Erik Brynjolfsson et al.
Stanford Working Paper, April 2026
Abstract:
We estimate the consumer welfare gains from the rapid adoption of generative AI tools like ChatGPT, Gemini, Claude, or Copilot in the United States. Using online choice experiments, we elicit willingness to accept (WTA) compensation for giving up access to these AI chatbot tools for one month from representative samples of US adults, fielded in two waves, July 2025 and March 2026. We find that mean willingness to accept (WTA) increased from $98 in 2025 to $124.50 in 2026, a 27% increase, while the median value rose from $3.4 to $11.40. Combined with growth in the adult user base from 98 million to 115 million, these estimates imply that aggregate consumer surplus increased from $116 billion to $172 billion. This surplus substantially exceeds estimated revenues from generative AI in the United States, suggesting that consumers capture most of the welfare gains from these tools. We find substantial heterogeneity in valuations: usage frequency is the strongest predictor of WTA, followed by workplace use, and paid subscription status, with additional differences by gender, age, and ethnicity. Overall, the results suggest that generative AI is already generating substantial and rapidly growing welfare gains, even before its full effects on measured productivity and GDP are reflected in official statistics.
AI at the Wheel: The Effectiveness of Advanced Driver-Assistance Systems
Vikram Maheshri, Clifford Winston & Yidi Wu
Journal of Law and Economics, May 2026, Pages 387-411
Abstract:
Has automakers' use of artificial intelligence (AI) in advanced driver-assistance systems (ADASs) improved automobile safety? We address this question with a first-of-its-kind trim-level dataset of the universe of registered automobiles and accidents in Texas over a 9-year period. We find that ADASs reduce the risk of a motorist getting in any type of accident by 11 to 14 percent and reduce the risk of a motorist getting in a single-vehicle fatal accident by roughly one-third.

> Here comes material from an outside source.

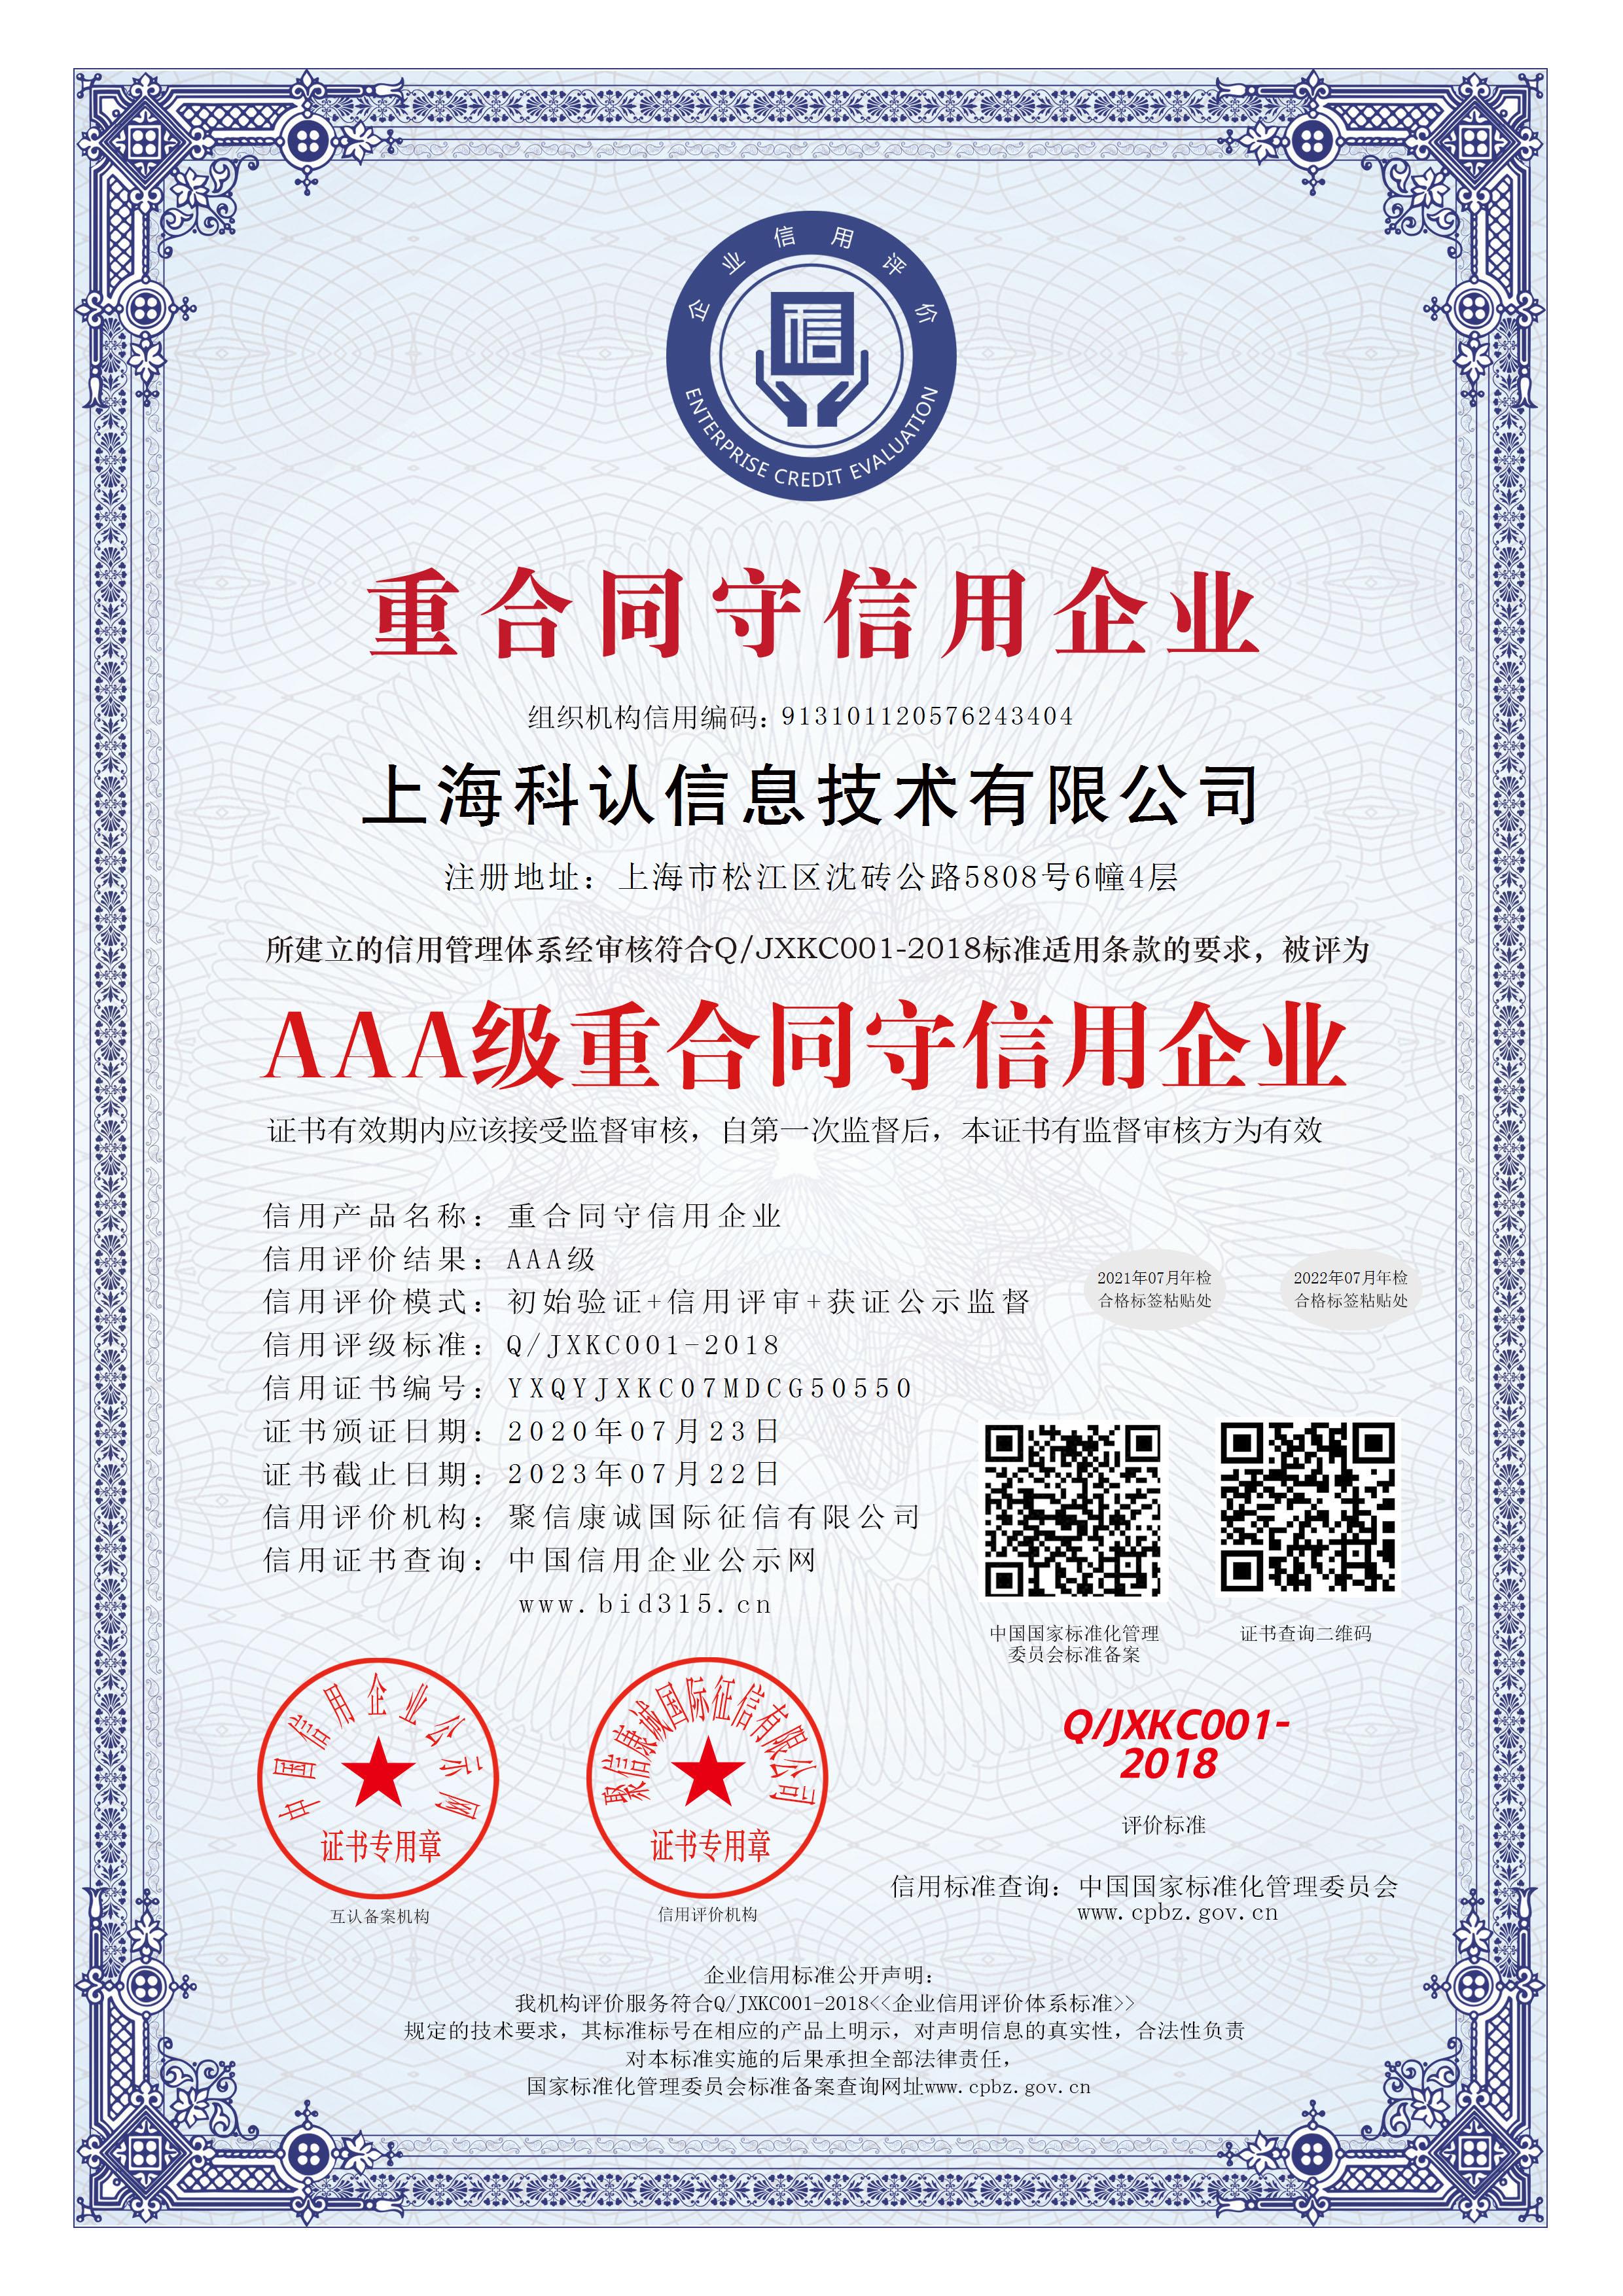 上海科认信息技术有限公司_AAA级重合同守信用企业_中文版_电子版

Our finding that ADASs have improved automobile safety is especially important because it provides early evidence of the benefits of vehicle automation in actual travel environments. Hopefully, it will spur greater interest in the development and widespread adoption of fully autonomous vehicles and in the potential benefits of other transportation technologies using AI.
Corporate M&As and Labor Market Concentration: Efficiency Gains or Power Grabs?
David Cicero, Mo Shen & Jaideep Shenoy
Journal of Finance, June 2026, Pages 1437-1484
Abstract:
Mergers of firms that share labor markets increase labor market concentration which can lead to labor efficiency gains and/or create labor market power for the merged firms. Using a novel measure based on establishment-level employment data, we find that merger-induced increases in labor market concentration explain value creation in a sample of completed U.S. public firm mergers from 1991 to 2016. Analysis of the stock market reactions of rival, supplier, and customer firms, as well as firm- and establishment-level real effects in the merging firms, supports a labor efficiency explanation of these merger gains.
The regressive effects of worker protection: The role of financial constraints
Diego Huerta
Labour Economics, June 2026
Abstract:
I exploit the staggered adoption of U.S. state-level Employment Protection Legislation (EPL) to study its effects on firm profits and the wage bill. I find that EPL has unintended regressive consequences. EPL harms smaller firms and their workers, while only benefiting larger firms and their workers. These effects operate through a credit channel: EPL limits access to credit for smaller firms, forcing them to cut employment and even exit the market. Conversely, larger firms expand employment by issuing more debt while benefiting from lower competition. A model with heterogeneous firms and endogenous financial constraints guides the empirical analysis.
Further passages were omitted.